■ WHAT TO PRODUCE ■
With the pictures removed, the data below must be transcribed in full and exactly.

■ DATASET EXTRACT ■
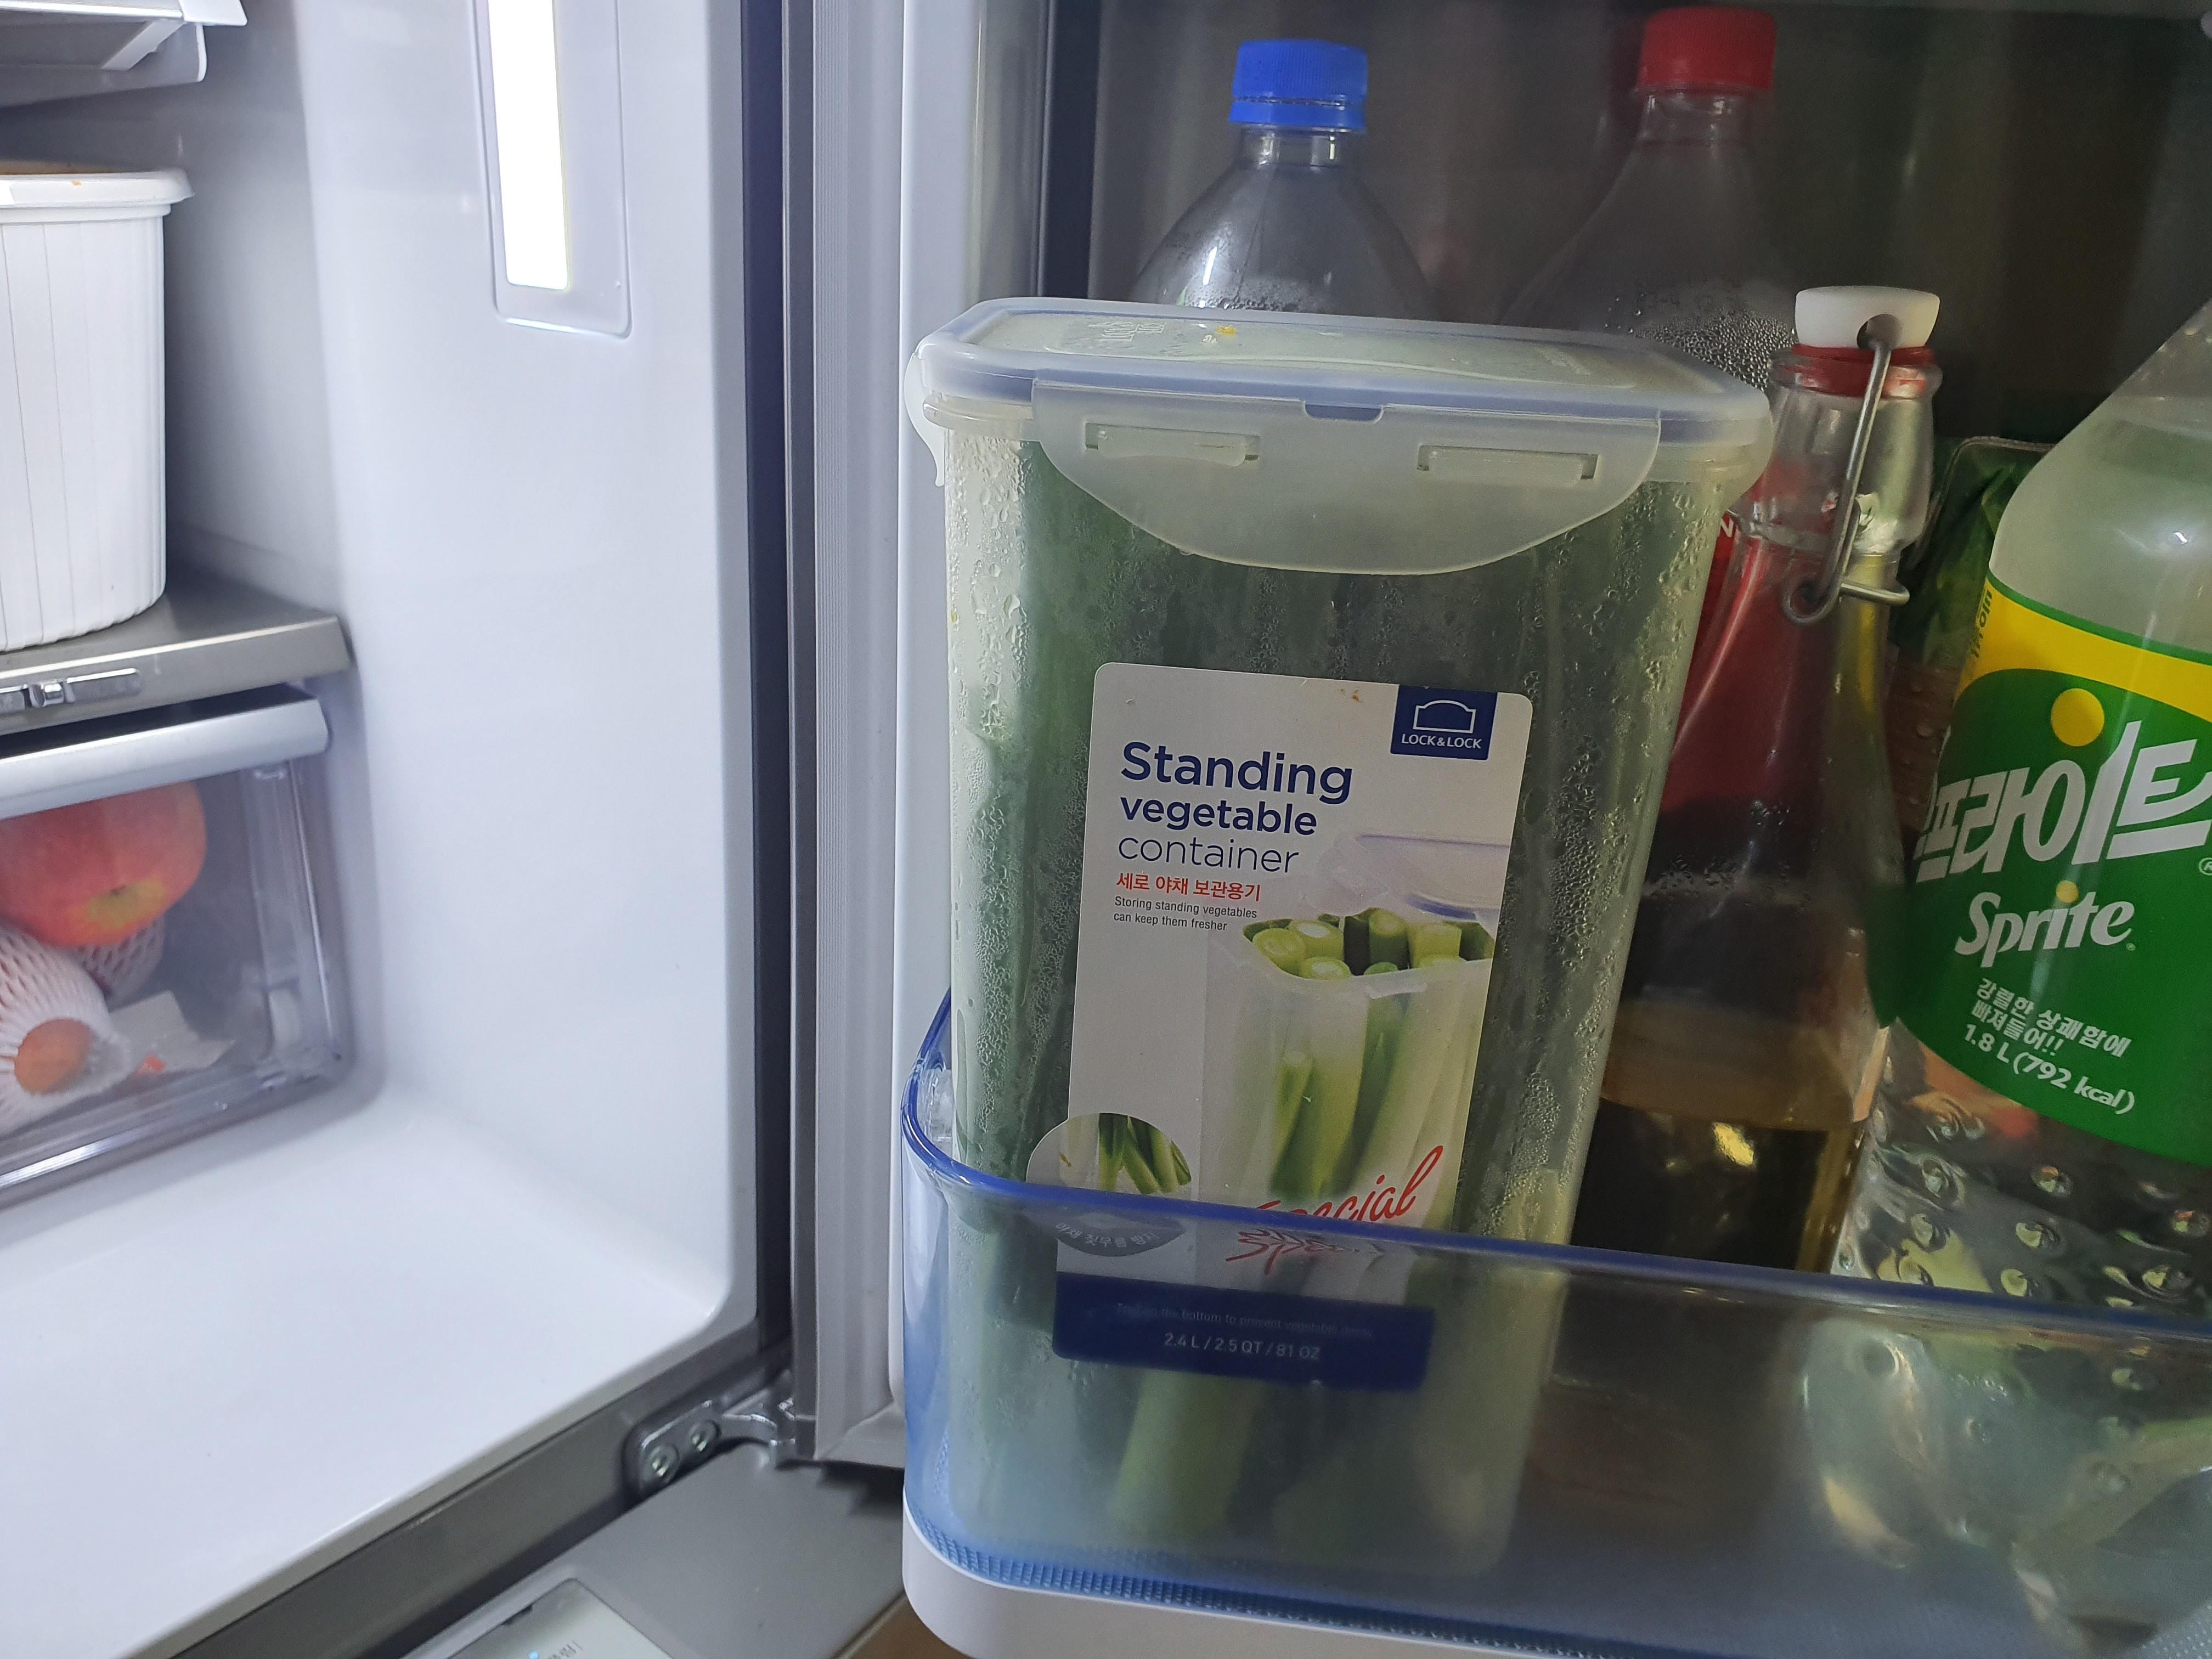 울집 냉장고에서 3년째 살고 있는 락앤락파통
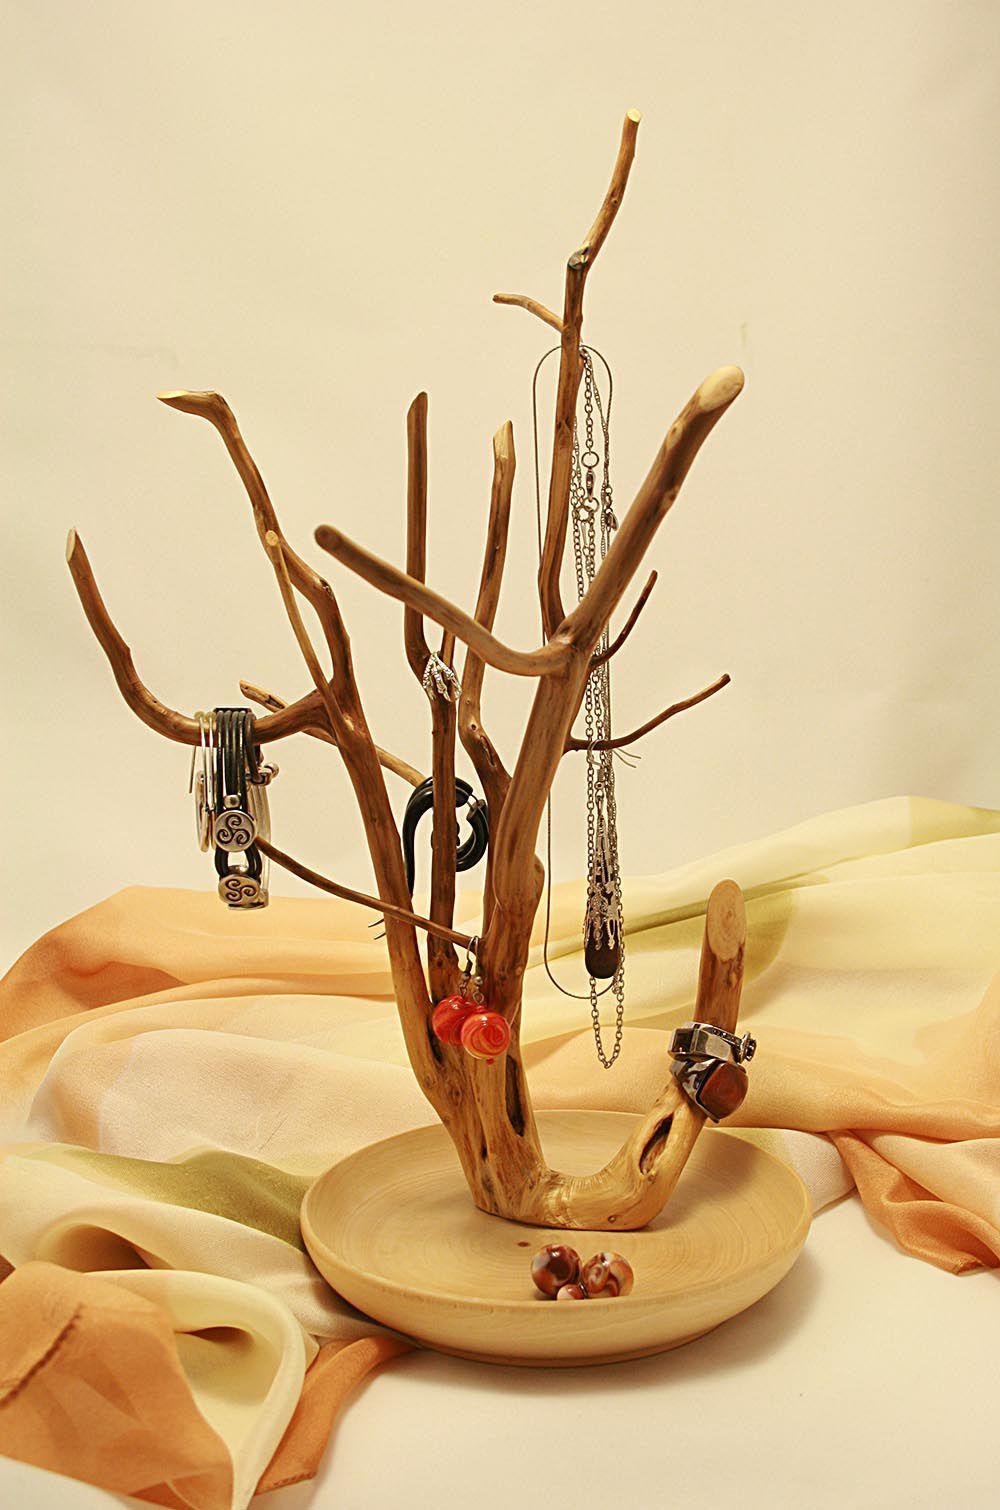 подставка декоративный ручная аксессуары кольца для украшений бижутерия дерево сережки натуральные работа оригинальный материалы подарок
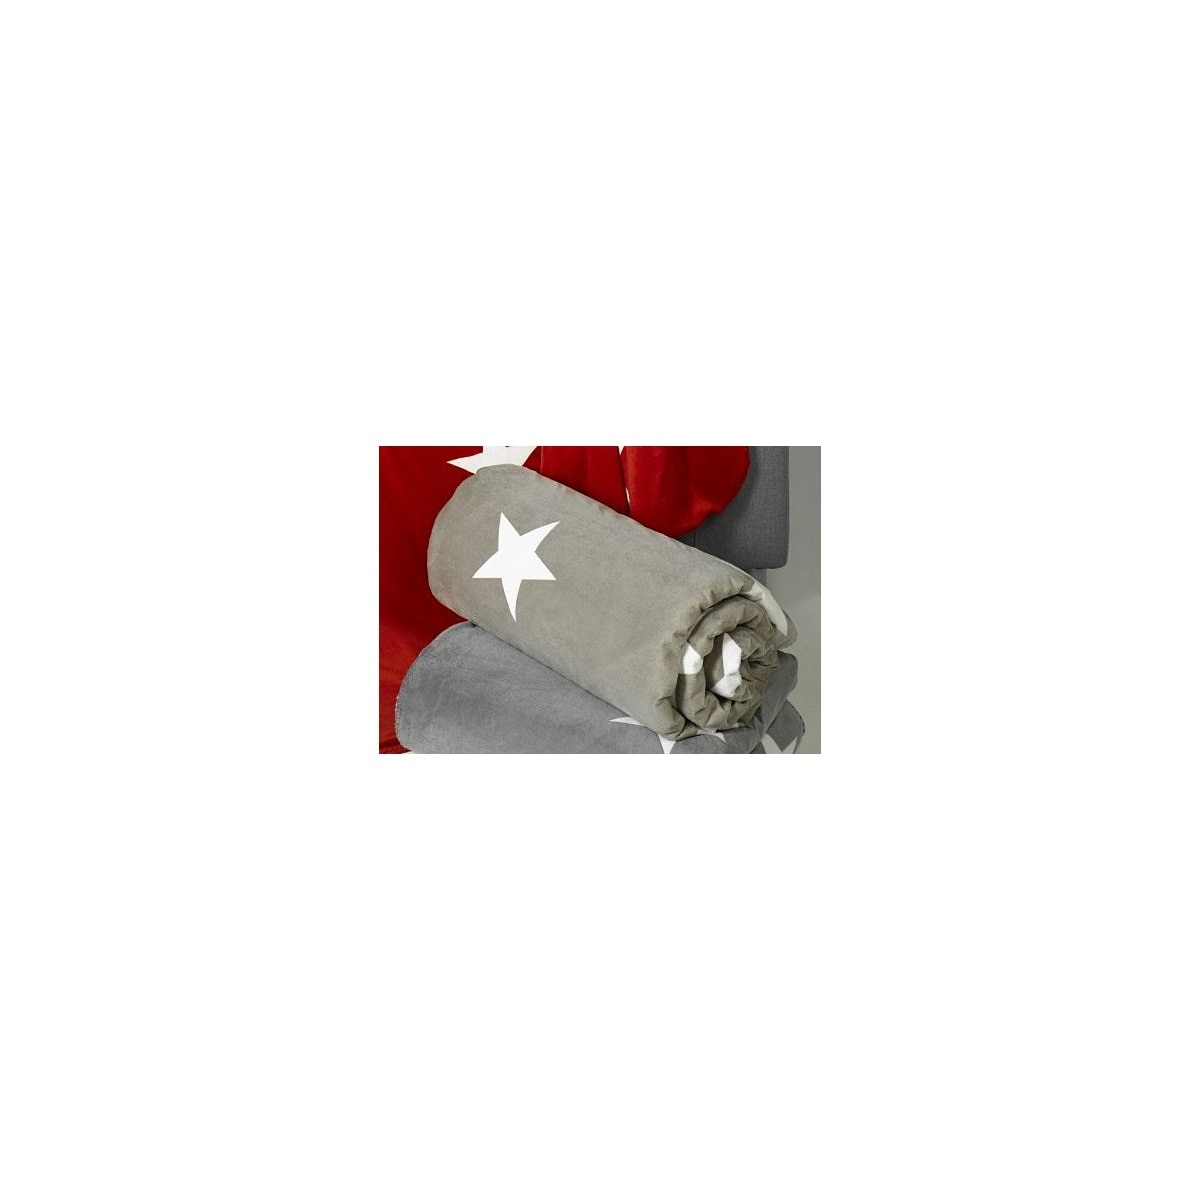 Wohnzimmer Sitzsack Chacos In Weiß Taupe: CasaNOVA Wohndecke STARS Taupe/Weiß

■ RESPONSE FOR THIS EXERCISE ■
 울집 냉장고에서 3년째 살고 있는 락앤락파통
 подставка декоративный ручная аксессуары кольца для украшений бижутерия дерево сережки натуральные работа оригинальный материалы подарок
 Wohnzimmer Sitzsack Chacos In Weiß Taupe: CasaNOVA Wohndecke STARS Taupe/Weiß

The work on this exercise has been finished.